New FEMA chief admits shockingly little about weather, insists agency will “wing it”

Hand underlining the FEMA logo, which stands for Federal Emergency Management Agency
A hand draws attention to the FEMA logo—Federal Emergency Management Agency—featured in an article about agency confusion during hurricane season.

NEED TO KNOW

  • FEMA’s new chief left staff stunned after admitting he was unaware hurricanes have a season.
  • Sources say confusion at FEMA is now officially recognized as a natural disaster by NOAA.
  • President Trump insists hurricanes “should just come one at a time, like on The Weather Channel.”

Hurricane Season: Now With 100% More Confusion

The Federal Emergency Management Agency, known for disaster response and the occasional employee bake sale, has entered a new era of uncertainty. At an all-hands briefing Monday, recently appointed FEMA chief David Richardson shocked staff by admitting he didn’t realize the United States had a hurricane season. Several FEMA employees spent the rest of the call quietly Googling “how to apply for Canadian citizenship.”

Disaster Prep, Just Not for Hurricanes

Richardson, who previously worked at the DHS office for countering weapons of mass destruction, promised FEMA would stick with its existing disaster plan. That plan, staff noted, mostly involves watching reruns of “Twister” and updating LinkedIn profiles. When pressed for specifics, Richardson assured staff, “We’re agile. We’ll just wing it. The FEMA way.”

Leadership With a Forecast of Chaos

Staff confusion grew after Richardson cited his “extensive” experience as a Marine artillery officer. “Hurricanes, artillery, same difference,” he told employees, as if storm surges could be shelled into submission. Morale dropped further when he revealed he would continue running his old office at DHS on the side, because who doesn’t love a good side hustle in disaster response?

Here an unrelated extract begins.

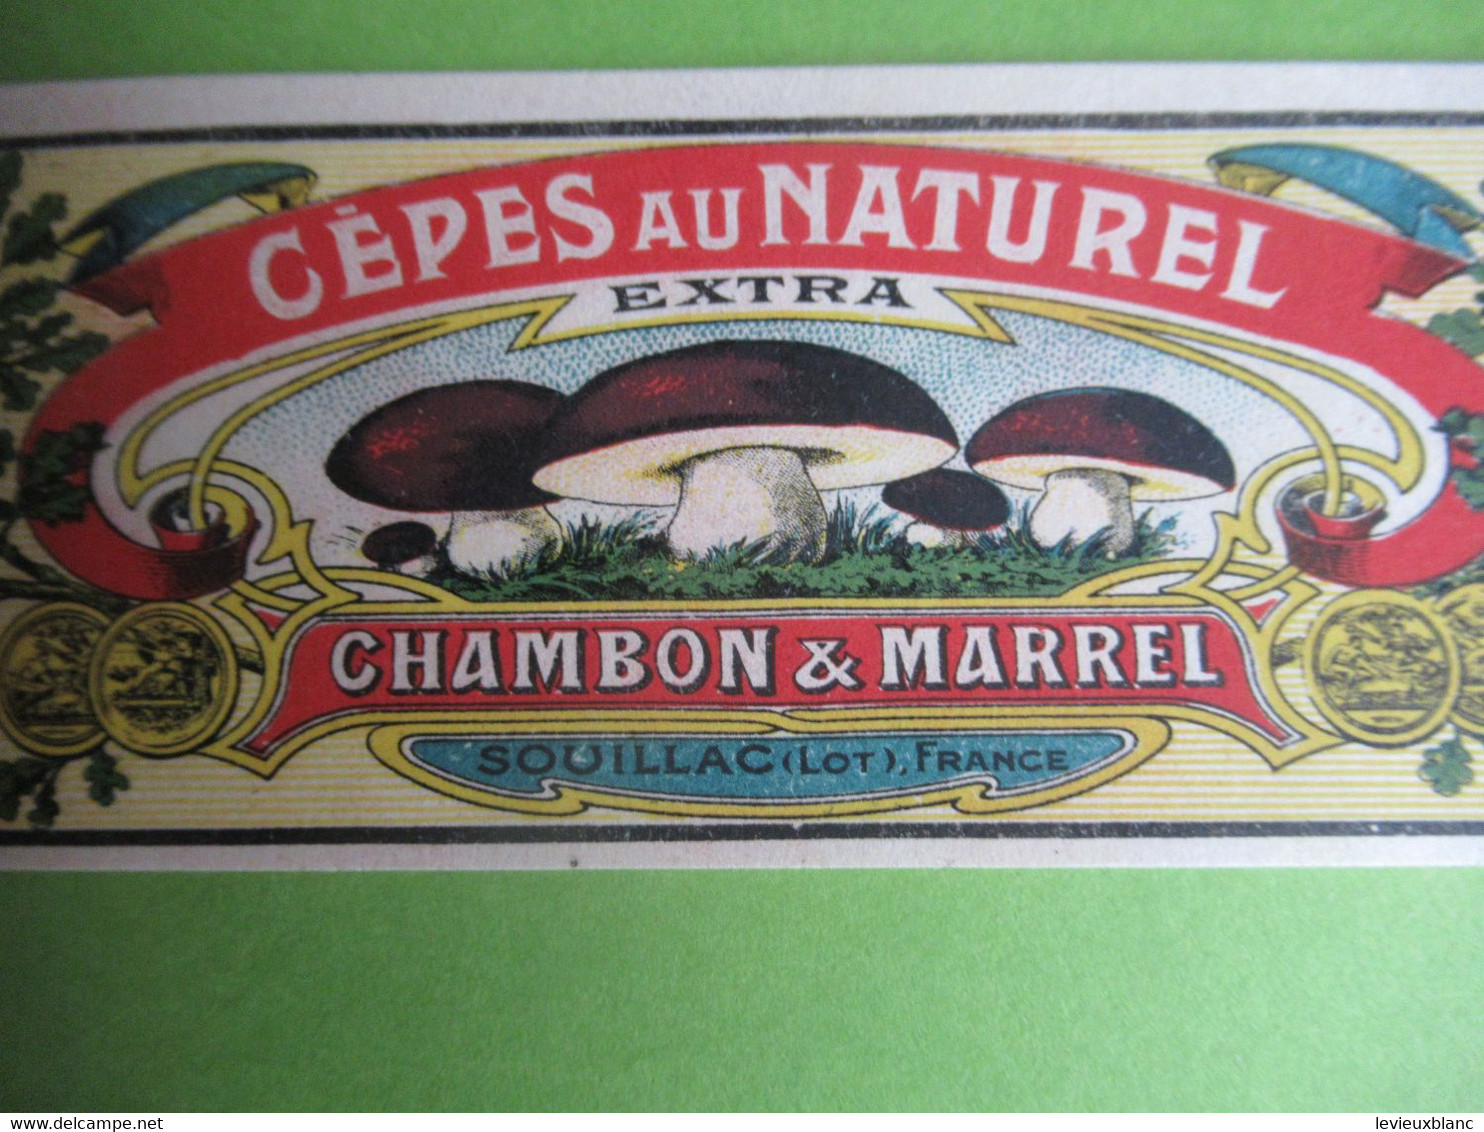 Etiquette Conserve/Cèpes Au Naturel /CHAMBON & MARREL/SOUILLAC( Lot ) Production JII/Ronteix Périgueux Début XX  ETIQ186 - Fruits & Vegetables

FEMA Shrinking, Strategy Sinking

With 2,000 staff gone since President Trump returned, FEMA’s new motto is, “Fewer People, Fewer Problems, Fingers Crossed.” One insider said, “We now have more acronyms than employees.” Meanwhile, the agency’s top disaster response measure for the year involves sending hurricanes polite emails asking them to “please avoid major cities.”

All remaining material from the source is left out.